# Gordon Laing reviews the 8K quality from the Canon EOS R5



## Canon Rumors Guy (Aug 9, 2021)

> Reviewer Gordon Laing has done a video showcasing the 8K quality from the Canon EOS R5. The video was recorded, edited, and posted to YouTube in all of its 8K glory.
> The quality of the 8K video from the EOS R5 looks great to me, and if you can work around some of the perceived weaknesses, you’re going to get great results from the camera.
> So get some coffee while the 8K buffers and enjoy the samples.



Continue reading...


----------



## frjmacias (Aug 9, 2021)

It is funny to note that on older computers like the one I am currently using at work, the 8K playback does not play smoothly. Obviously this is an issue with the processing and rendering power of my work computer, but it has no problem playing back 4K, so the quality of the 8K is damn impressive. Super detailed.


----------



## Bdbtoys (Aug 9, 2021)

Darn... I was hoping this was going to be an R5 w/beta firmware used with a Ninja V+ preview.


----------



## SilverBox (Aug 9, 2021)

Using the Ninja V+ you can get Prores 8k and work around the overheating issues


----------



## Bdbtoys (Aug 9, 2021)

SilverBox said:


> Using the Ninja V+ you can get Prores 8k and work around the overheating issues



Not currently. That's the promise from Atomos... but no one has seen it yet.


----------



## SonicStudios (Aug 9, 2021)

I heard the firmware update was going to be released earlier than the promised August 18th RUMORED date. Counting down the days till August 17th!!! It will probably coincide with my delivery of the RF 100 2.8 that I preorder what seems like a year ago, not to mention my Ninja V+ is gathering dust waiting for the update, thought about putting the + with my V on my DJI RS2, making side view mirrors hahahahahahahah


----------



## RayValdez360 (Aug 9, 2021)

SonicStudios said:


> I heard the firmware update was going to be released earlier than the promised August 18th RUMORED date. Counting down the days till August 17th!!! It will probably coincide with my delivery of the RF 100 2.8 that I preorder what seems like a year ago, not to mention my Ninja V+ is gathering dust waiting for the update, thought about putting the + with my V on my DJI RS2, making side view mirrors hahahahahahahah


where did you get your RF100 because I pre-ordered mine in july and still dont have it.


----------



## Otara (Aug 9, 2021)

When I watch it from 30cm on my 120 inch 8k TV, the upper left corner looks ever so slightly soft compared to the lower right corner. Not impressed.


----------



## Jethro (Aug 10, 2021)

Otara said:


> When I watch it from 30cm on my 120 inch 8k TV, the upper left corner looks ever so slightly soft compared to the lower right corner. Not impressed.
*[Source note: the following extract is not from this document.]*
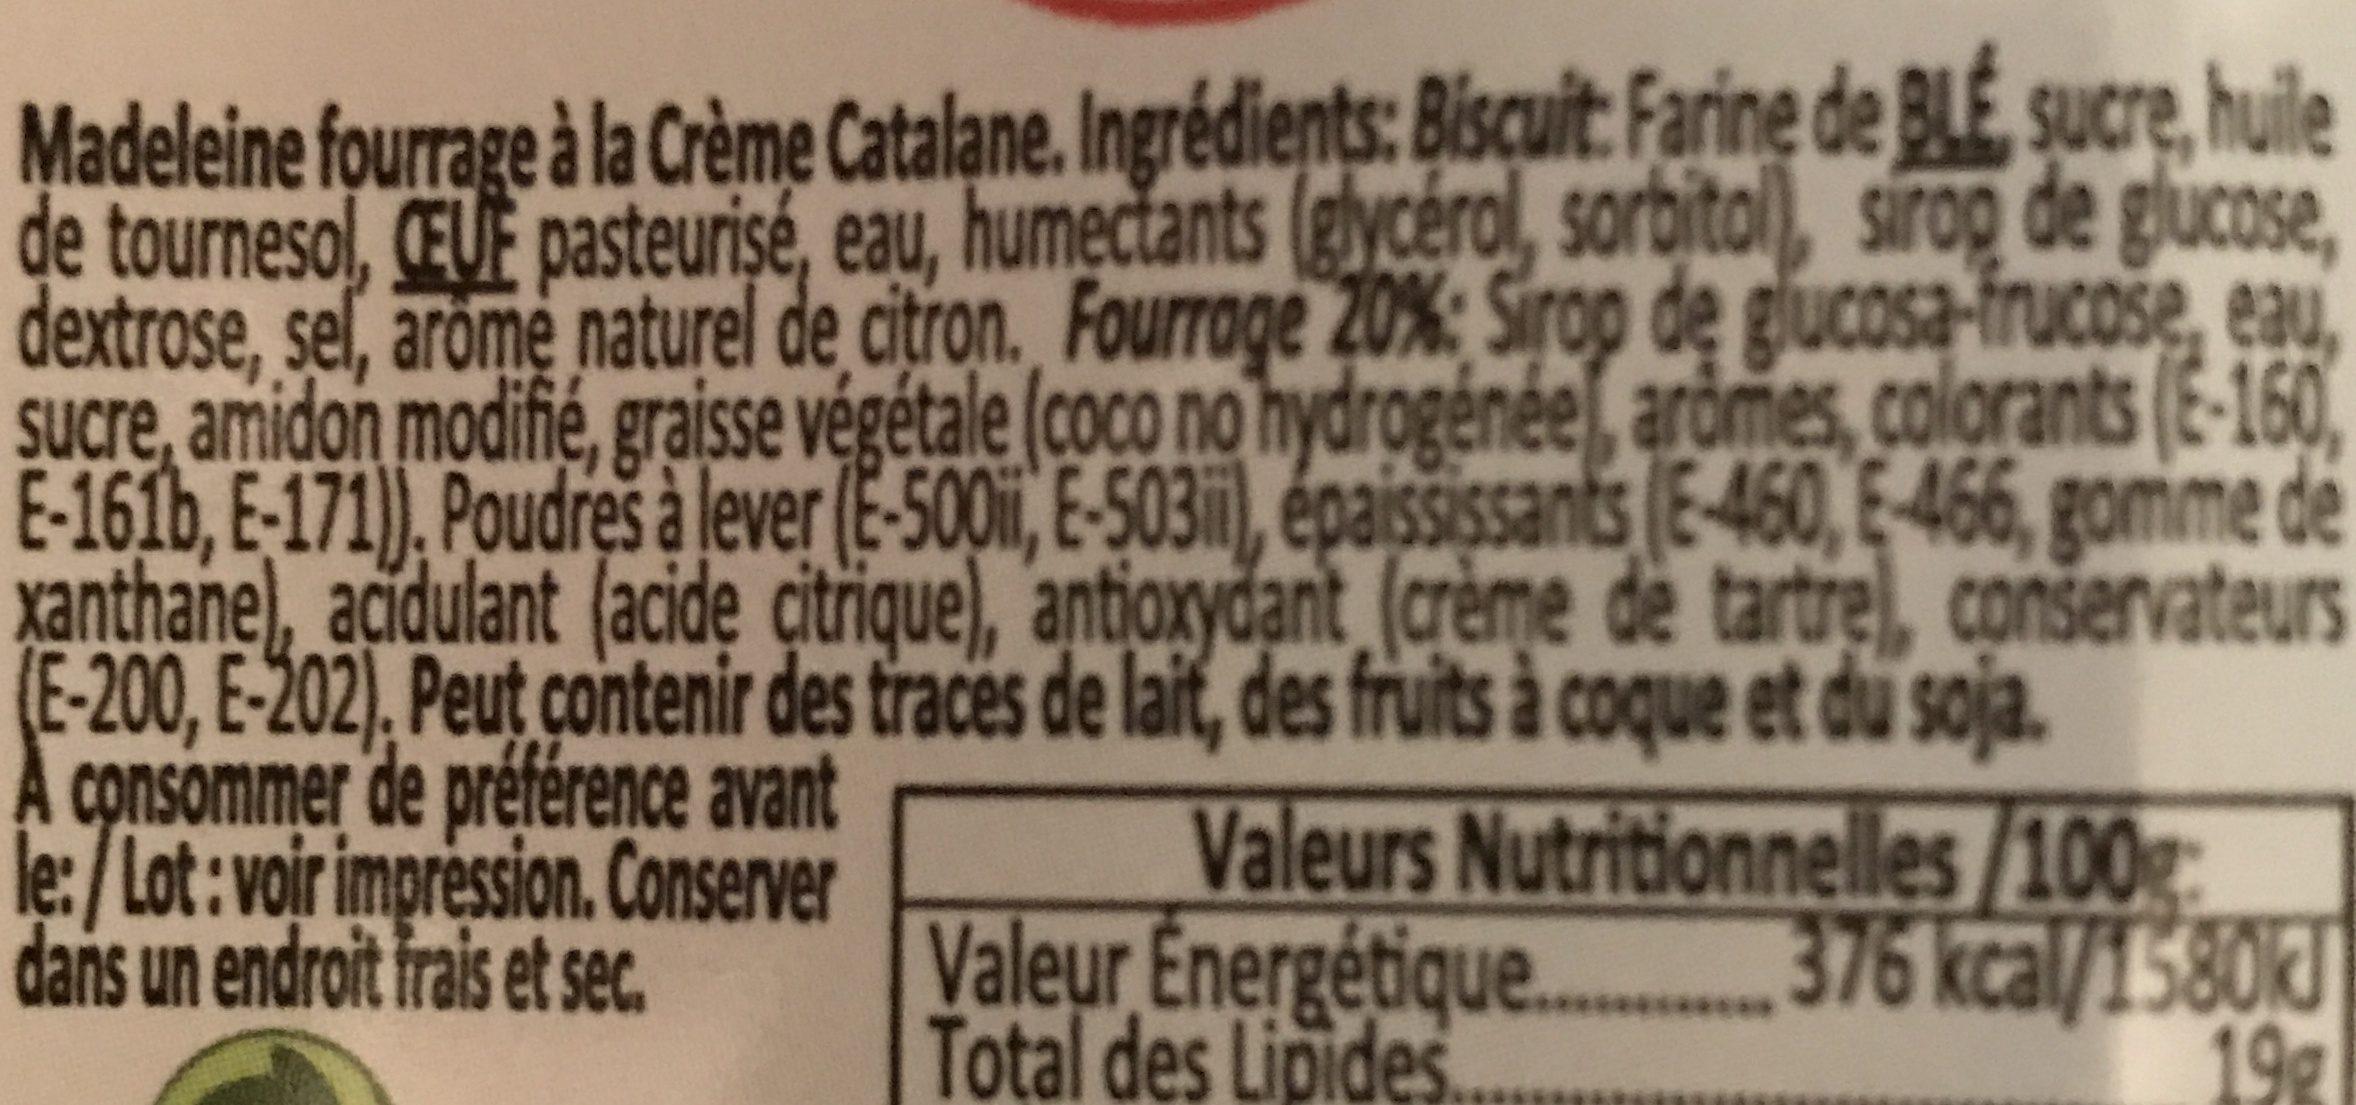 Delicias à la Crème Catalane - Ingredients

But the important Q: does it cause your 8k TV to overheat?


----------



## SonicStudios (Aug 10, 2021)

Jethro said:


> But the important Q: does it cause your 8k TV to overheat?


Yes, but from most of the articles i've read, it seems to be affecting Sony TV's only


----------



## sanj (Aug 10, 2021)

I adore the 8k quality.


----------



## Otara (Aug 10, 2021)

Jethro said:


> But the important Q: does it cause your 8k TV to overheat?


 No, the 30 minute pauses on my internet to download each 15 seconds gives plenty of time to let it recover.


----------



## Deleted member 381342 (Aug 10, 2021)

It looks good. And to note the playback on 8k was smooth as butter on my M1 Mac mini with a 1 Gbps connection (ethernet not WiFI).


----------



## SilverBox (Aug 10, 2021)

Bdbtoys said:


> Not currently. That's the promise from Atomos... but no one has seen it yet.


True, if and when Canon adds 8k output via HDMI


----------



## filmmakerken (Aug 10, 2021)

I'm missing something. I have a 4K monitor connected to my MacBook Pro but cannot get YouTube to play back at any quality higher than 1080P.


----------



## filmmakerken (Aug 10, 2021)

According to Google 4K isn't available on computers. Only using the YouTube app on a 4K TV.

How incredibly stupid.


----------



## Jsjamesok (Aug 10, 2021)

4k playback worked for me--PC system with high end video card.


----------



## stevelee (Aug 10, 2021)

Looks good on my 5K iMac.


----------



## Kit Chan (Aug 11, 2021)

filmmakerken said:


> According to Google 4K isn't available on computers. Only using the YouTube app on a 4K TV.
> 
> How incredibly stupid.


My Surface Go of all things had the option available.


----------



## stevelee (Aug 11, 2021)

I have posted 1080p to YouTube that didn’t survive their mangling and compression that well.

The comparisons of blown up sections are probably the most telling parts of the video.


----------



## SonicStudios (Aug 12, 2021)

Canon, this is mission control Houston, firmware status check, are we go or no go for R5 Firmware release, count down stands at T-minus 7 days and counting.


----------



## somebodE (Aug 13, 2021)

SilverBox said:


> True, if and when Canon adds 8k output via HDMI


From what I heard the HDMI port on the R5 doesn't support the bandwidth required for 8K. Unless they do some compression in camera first; I don't see 8K being able to be recorded externally. This is a hardware limitation; not software so firmware won't resolve it (unless they are doing in camera compression).


----------



## privatebydesign (Aug 13, 2021)

somebodE said:


> From what I heard the HDMI port on the R5 doesn't support the bandwidth required for 8K. Unless they do some compression in camera first; I don't see 8K being able to be recorded externally. This is a hardware limitation; not software so firmware won't resolve it (unless they are doing in camera compression).


I pointed that out when Atamos announced the V+ for 8k external recording. Canon themselves say the HDMI port is not capable of external 8k. However both Atamos and Canon have partnered for the V+ and both say it will have 8k external.


----------



## SonicStudios (Aug 16, 2021)

T-Minus 2


----------



## SonicStudios (Aug 17, 2021)

T-Minus 1


----------



## somebodE (Aug 19, 2021)

privatebydesign said:


> I pointed that out when Atamos announced the V+ for 8k external recording. Canon themselves say the HDMI port is not capable of external 8k. However both Atamos and Canon have partnered for the V+ and both say it will have 8k external.


From the new firmware just released; you are correct. I am surprised.


----------



## SilverBox (Aug 19, 2021)

SilverBox said:


> Using the Ninja V+ you can get Prores 8k and work around the overheating issues


They did it!


----------